MelNet - Advanced Generative Audio Model for Frequency Domain Synthesis

Introduction to MelNet

MelNet is a pioneering generative model designed to create audio content in the frequency domain. This sophisticated project revolves around producing vivid and intricate audio by understanding and manipulating audio signals at the frequency level. This offers a way to generate realistic audio by training on datasets and uncovering patterns within the signal frequencies.

Prerequisites

To dive into MelNet, it is essential to use the right tools:

Compatible Python versions include 3.6.8 and 3.7.4.
The project runs smoothly on PyTorch versions 1.2.0 and 1.3.0.
Essential packages can be installed using the command: pip install -r requirements.txt.

Training MelNet

Datasets

MelNet supports multiple datasets such as Blizzard, VoxCeleb2, and KSS, each of which has pre-configured YAML files under the config/ directory. For those with different datasets, it is possible to create custom YAML files based on the existing templates.

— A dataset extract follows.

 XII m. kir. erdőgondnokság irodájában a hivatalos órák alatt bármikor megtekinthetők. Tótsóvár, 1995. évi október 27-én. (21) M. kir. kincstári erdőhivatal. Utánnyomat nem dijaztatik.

Unconditional Training: This mode is versatile and available for any dataset with a standard file extension defined in the YAML configuration.
Conditional Training: This mode, albeit limited in scope, is currently available for the KSS dataset and parts of the Blizzard dataset.

Execution

To train the model, the following command is used:

python trainer.py -c [config YAML file path] -n [name of run] -t [tier number] -b [batch size] -s [TTS]

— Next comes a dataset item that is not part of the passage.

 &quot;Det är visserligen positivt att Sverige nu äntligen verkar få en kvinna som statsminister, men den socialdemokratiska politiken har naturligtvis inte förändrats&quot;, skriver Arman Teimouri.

The model accommodates training in steps, known as tiers. Each successive tier is typically more demanding than its predecessor, except the first. Thus, adjusting the batch size for each tier is crucial.
Note that high data-intensive tiers like Tier 6 may exceed computational limits on a typical 16GB graphics card, even with minimized batch sizes.
The -s flag toggles training specifically for Text-to-Speech (TTS) tiers, relevant only at the initial tier. For tiers beyond the first, any input for -s is overlooked.

Sampling with MelNet

Preparing Checkpoints

Checkpoints are integral for sampling and should reside within the chkpt/ directory.
An essential file, inference.yaml, must be placed under config/. This file details the number of tiers, checkpoint names, and determines the conditional or unconditional nature of generation.

Sampling Execution

The sampling process is initiated with:

python inference.py -c [config YAML file path] -p [inference YAML file path] -t [timestep of generated mel spectrogram] -n [name of sample] -i [input sentence for conditional generation]

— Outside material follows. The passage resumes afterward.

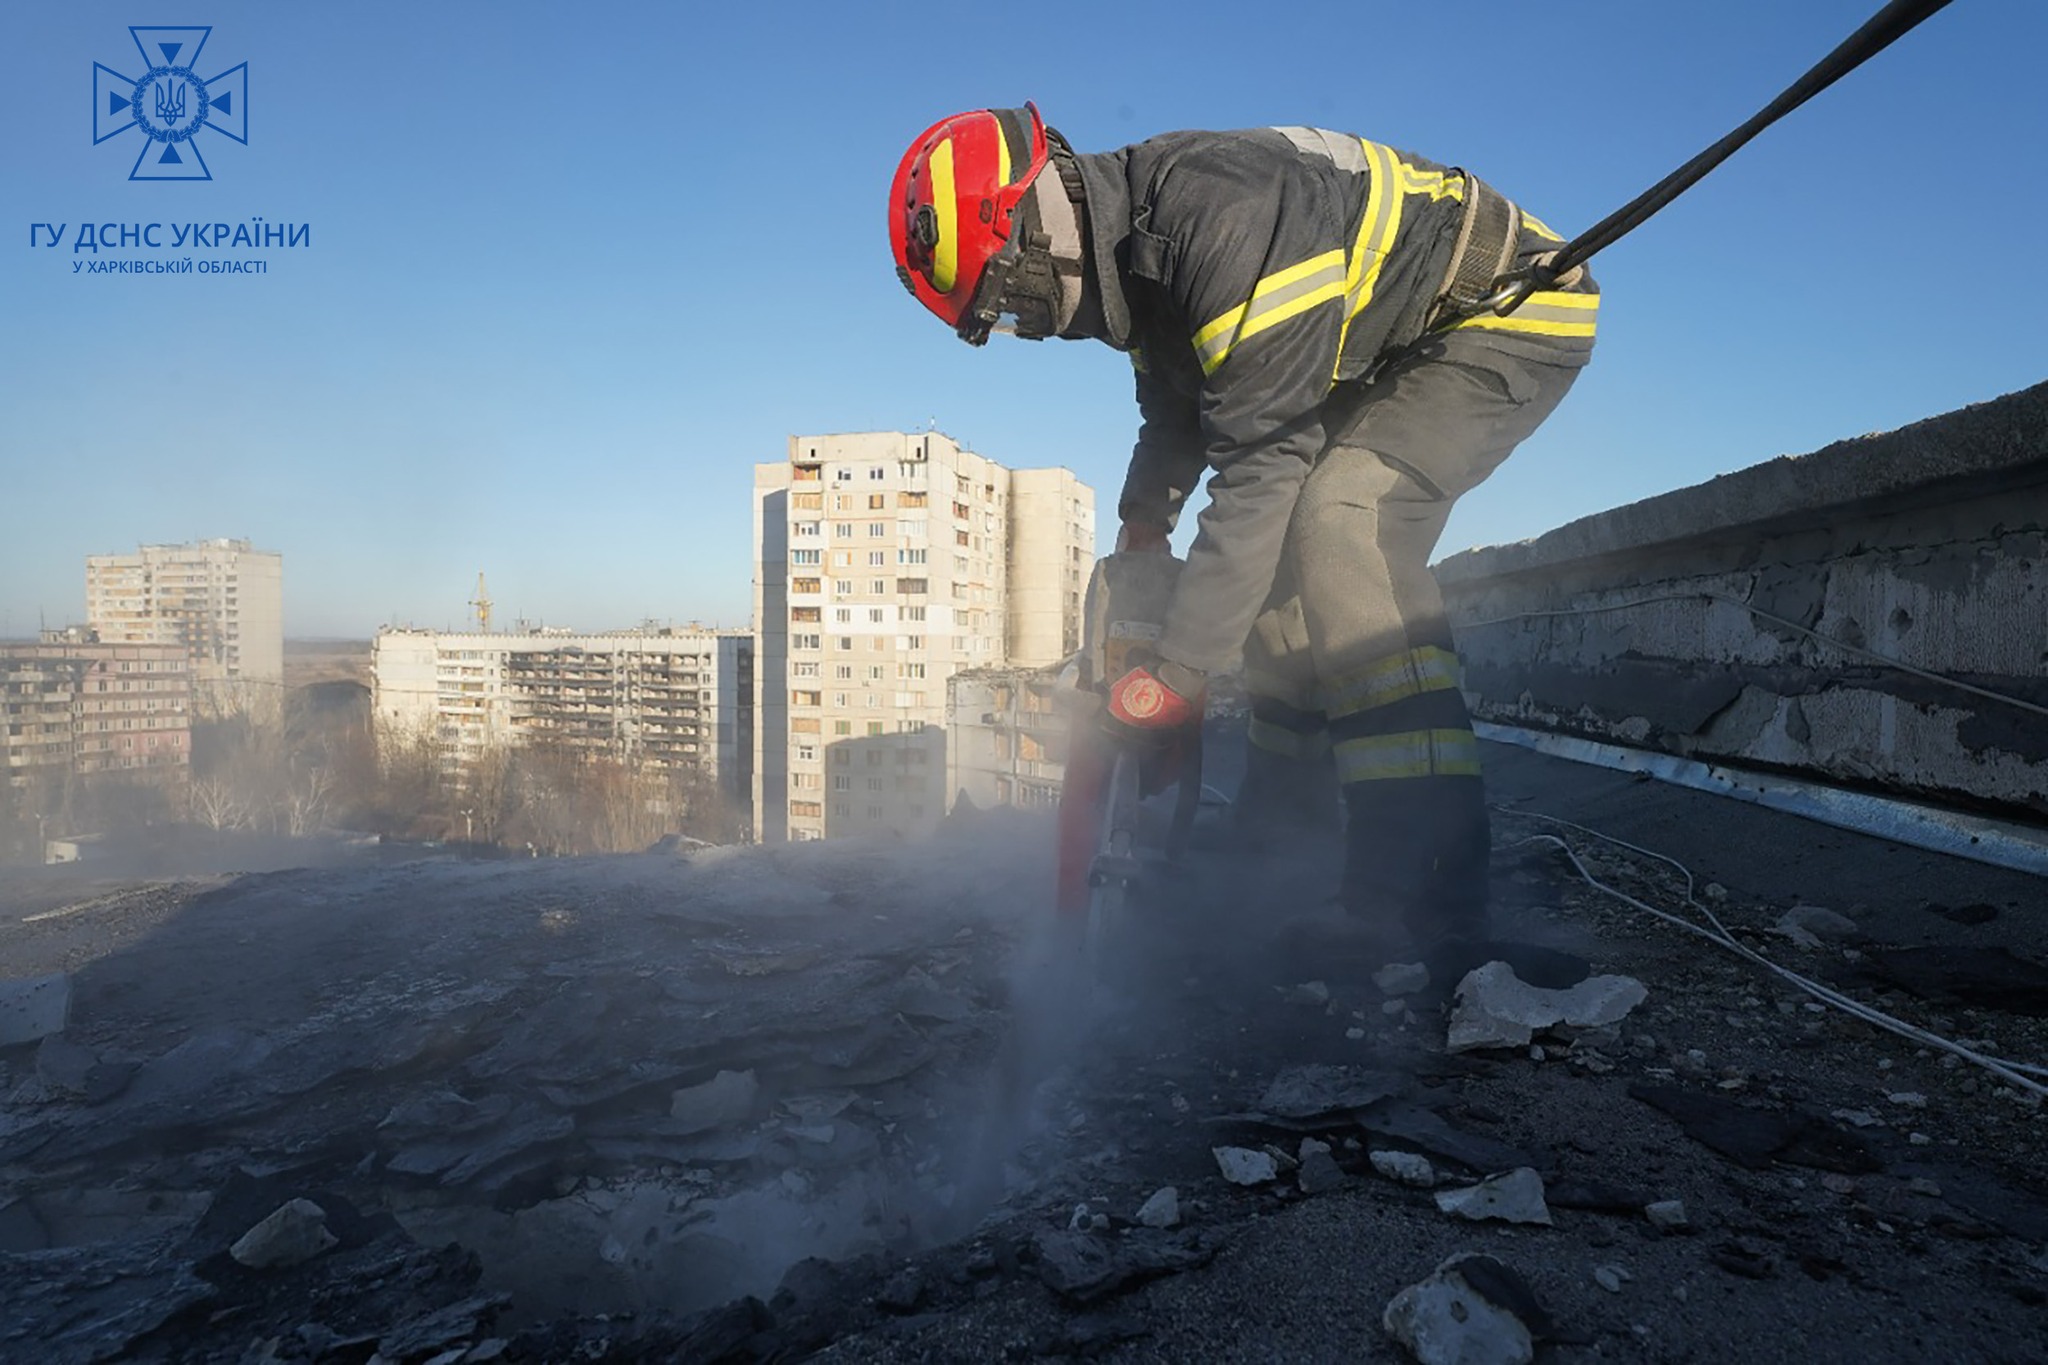 У Харкові розбирають завали будівель 23 січня для подальшого ремонту

Timestep: Defines the mel spectrogram's duration. This relationship is roughly akin to [sample rate] : [hop length of FFT].
Conditional Generation: The -i flag facilitates this by accepting a sentence for context, enclosed in quotes and ending with a period. It is optional for unconditional processes.
Both generation methods currently do not offer primed generation, meaning they don't extrapolate based on initial data input.

Developmental Milestones and Contributors

MelNet's journey includes successful implementation of various functions:

Upsampling, GMM Sampling, TTS Synthesis, and unconditional audio generation are functional.
There are successful deployments on multi-GPU setups and logging with Tensorboard.
The team aims to enhance the model further with primed generation capabilities in future updates.

Contributors

The MelNet project owes its progress to:

Seungwon Park
June Young Yi
Yoonhyung Lee
Joowhan Song

All contributors are proud representatives from Deepest Season 6.

License

MelNet is an open-source project, adhering to the MIT License, promoting freedom in usage, modification, and distribution.

This overview captures the essence of MelNet, detailing its comprehensive approach to audio generation and its tailored journey in the realm of artificial sound creation.